Since the start of 2026, at least 580 settler attacks against Palestinians have been recorded, with at least 1,800 people displaced as a result of violence and access restrictions, according to UN figures.
Human Rights Watch has described the intensifying violence and displacement of Palestinians in the West Bank as ethnic cleansing enabled by the Israeli state, a charge Israel rejects.
Israeli indictments of settler violence are rare, according to Israeli rights group Yesh Din.
A $71 billion question: who rebuilds and how?
With recovery and reconstruction needs sitting at over US$71 billion ($99.62 billion), the question of how — and by whom — Gaza is rebuilt has become as contested as the conflict itself.
The UN and EU believe reconstruction must be Palestinian-led and co-exist alongside a sustained ceasefire, unimpeded aid access, and a credible politcal pathway to Palestinian statehood.
But a rival framework is already taking shape.
The Board of Peace — a United States-led body proposed and chaired by President Donald Trump to oversee Gaza's reconstruction and governance — has been recognised by the UN Security Council, though many major powers have not joined.
But Amnesty's Duar is critical, labelling it a "plan without Palestinians" that he said denies "them any form of justice".

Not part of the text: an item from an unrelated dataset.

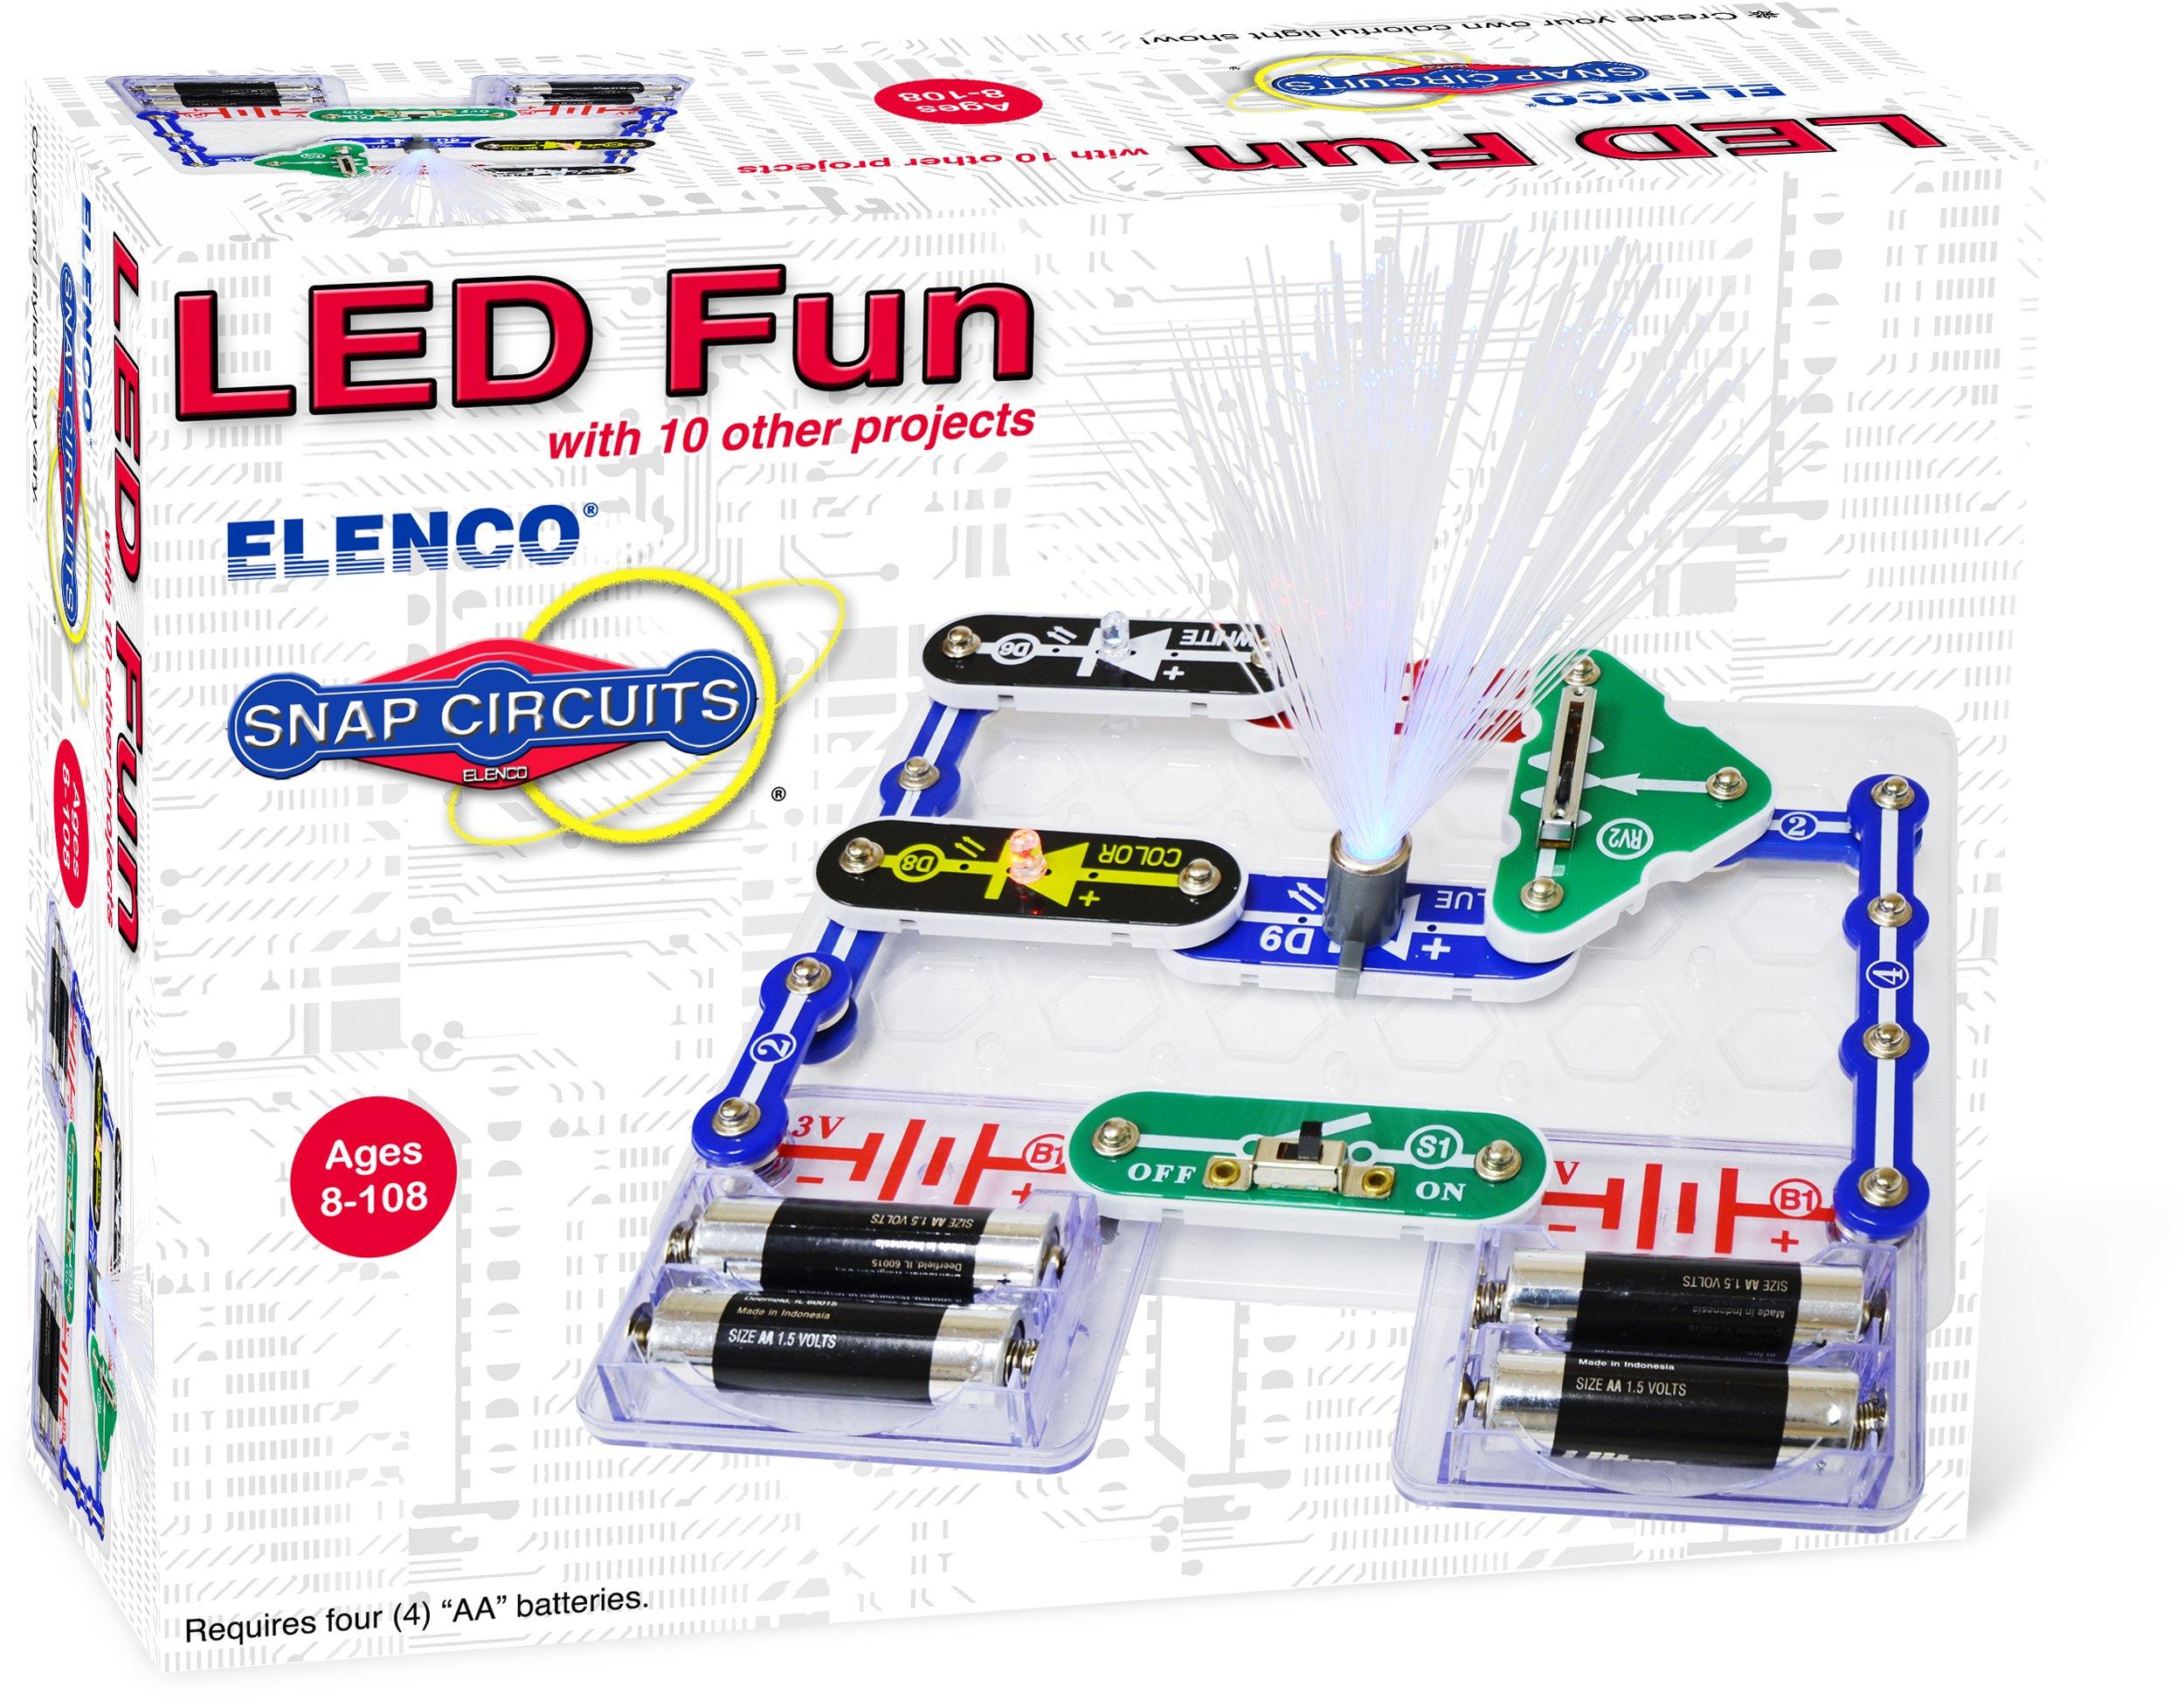 Elenco Electronics SCP-11 Snap Circuits LED Fun Science Kit by Elenco

Trump's Gaza plan, to which Israel and Hamas agreed in October, sees Israeli troops withdrawing from Gaza and reconstruction starting as Hamas lays down its weapons.
The Board of Peace’s lead envoy for Gaza said on Monday that he was "fairly optimistic" a plan for disarmament of Hamas and other militant groups in Gaza can be agreed, but cautioned that it will still take time.
"We've had some very serious discussions with Hamas over the last few weeks, they're not easy," Nickolay Mladenov told Reuters.
"I'm fairly optimistic that we will be able to come up with an arrangement that works for all sides and, most importantly, works for the people in Gaza."
Meanwhile, the Financial Times is reporting that representatives of the Board have held talks with state-owned Dubai multinational DP World about managing supply chains and infrastructure projects in Gaza.
Citing three people familiar with the matter, the paper said the efforts would cover humanitarian aid and other goods entering Gaza, including warehousing, tracking systems and security.